Dear Wiki user,

You have subscribed to a wiki page or wiki category on "Pig Wiki" for change 
notification.

The following page has been changed by GuntherHagleitner:
http://wiki.apache.org/pig/PigMultiQueryPerformanceSpecification

New page:
[[Anchor(Multi-query_Performance)]]
= Multi-query Performance =

Currently scripts with multiple store commands can result in a lot of 
duplicated work. The idea how to avoid the duplication is described here: 
https://issues.apache.org/jira/browse/PIG-627

[[Anchor(External)]]
== External ==

[[Anchor(Use_cases:)]]
=== Use cases: ===

[[Anchor(Explicit/implicit_split:)]]
==== Explicit/implicit split: ====

There might be cases in which you want to different processing on separate 
parts of the same datastream. Like so:

{{{
A = load ...
...
split A' into B if ..., C if ...
...
store B' ...
store C' ...
}}}

or

{{{
A=load ...
...
B=filter A' ...
C=filter A' ...
...
store B' ...
store C' ...
}}}

In the current system the first example will dump A' to disk and then start 
jobs for B' and C'. In the second example Pig will execute all the dependencies 
of B' and store it. And then execute all the dependencies of C' and store it.
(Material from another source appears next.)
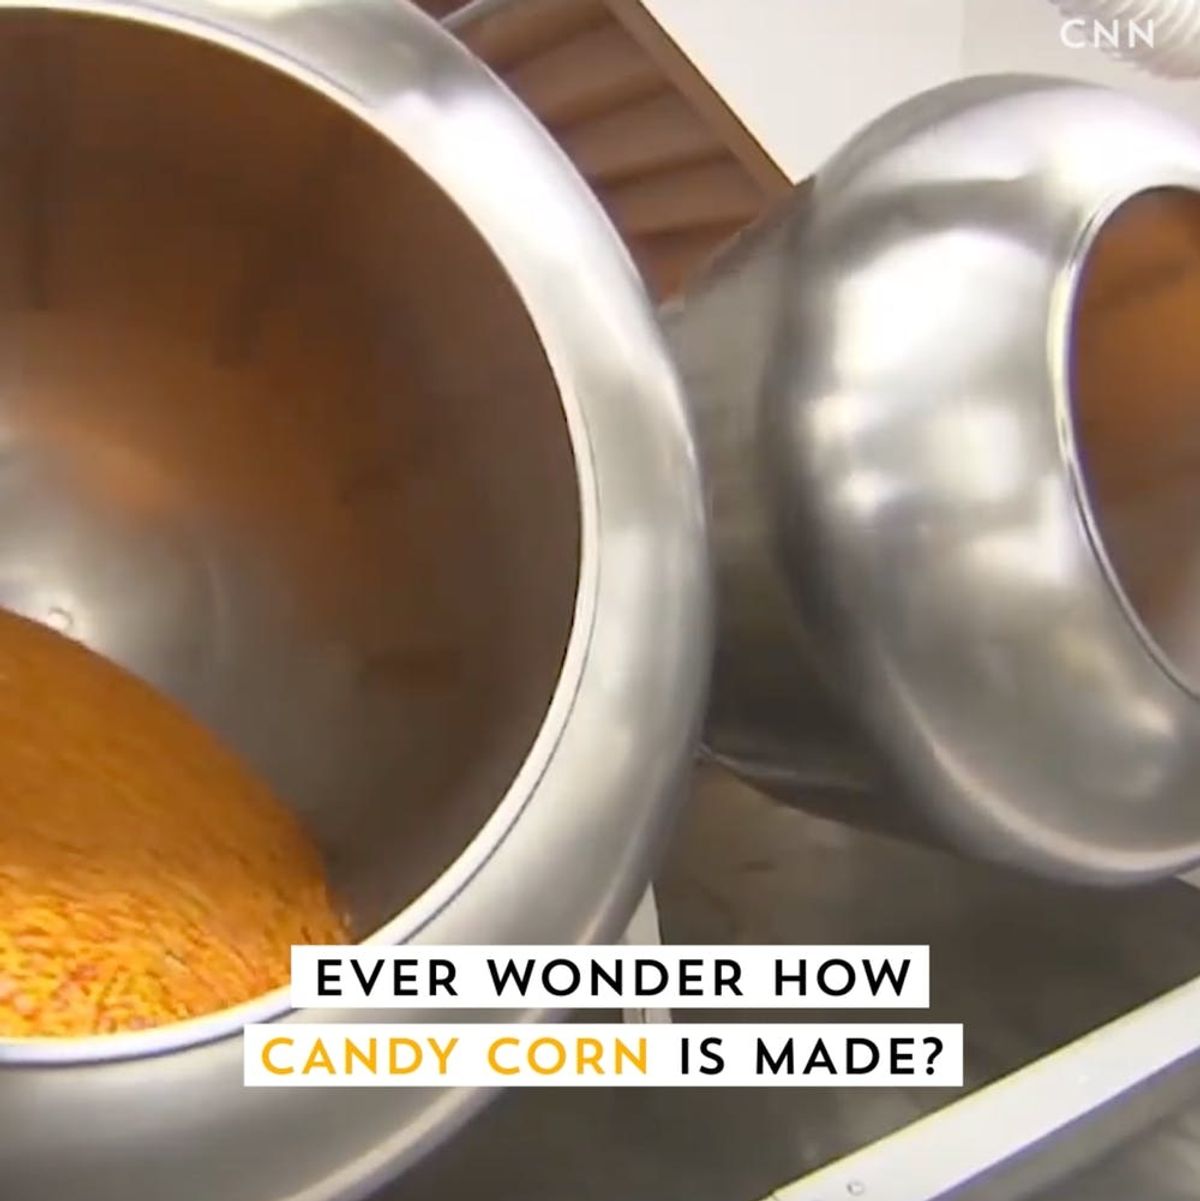 Here’s How Candy Corn Is Made

Both of the above are equivalent, but the performance will be different. 

Here's what we plan to do to increase the performance:

   * In the second case we will add an implicit split to transform the query to 
case number one. That will eliminate the processing of A' multiple times.
   * Make the split non-blocking and allow processing to continue. This will 
help reduce the amount of data that has to be stored right at the split.
   * Allow multiple outputs from a job. This way we can store some results as a 
side-effect. This is also necessary to make the previous item work.
   * Allow multiple split branches to be carried on to the combiner/reducer. 
This will reduce the amount of IO again in the case where multiple branches in 
the split can benefit from a combiner run.

[[Anchor(Storing_intermediate_results)]]
==== Storing intermediate results ====

Sometimes people will store intermediate results.

{{{
A=load ...
...
store A'
...
store A''
}}}

If the script doesn't re-load A' for the processing of A'' the steps above A' 
will be duplicated. This is basically a special case of Number 2 above, so the 
same steps are recommended. With the proposed changes the script will basically 
process A'' and dump A' as a side-effect. Which is what the user probably 
wanted to begin with.

[[Anchor(Why?)]]
=== Why? ===

Pig's philosophy is: Optimize it yourself, why don't you.

However:

   * Implicit splits: It's probably what you expect when you use the same 
handle in different stores.
   * Store/Load vs Split: When optimizing, it's a reasonable assumption that 
splits are faster than load/store combinations
   * Side-effects: There is no way right now to make use of this

[[Anchor(Changes)]]
=== Changes ===

[[Anchor(Execution_in_batch_mode)]]
==== Execution in batch mode ====

Batch mode is entered when Pig is given a script to execute. Interactive mode 
is on the grunt shell ("grunt:>"). Right now there isn't much difference 
between them. In order for us to optimize the multi-query case, we'll need to 
distinguish the two more. 

Right now whenever the parser sees a store (or dump, explain, illustrate or 
describe) it will kick of the execution of that part of the script. Part of 
this proposal is that in batch mode, we parse the entire script first and see 
if we can combine things to reduce the overall amount of work that needs to be 
done. Only after that will the execution start. 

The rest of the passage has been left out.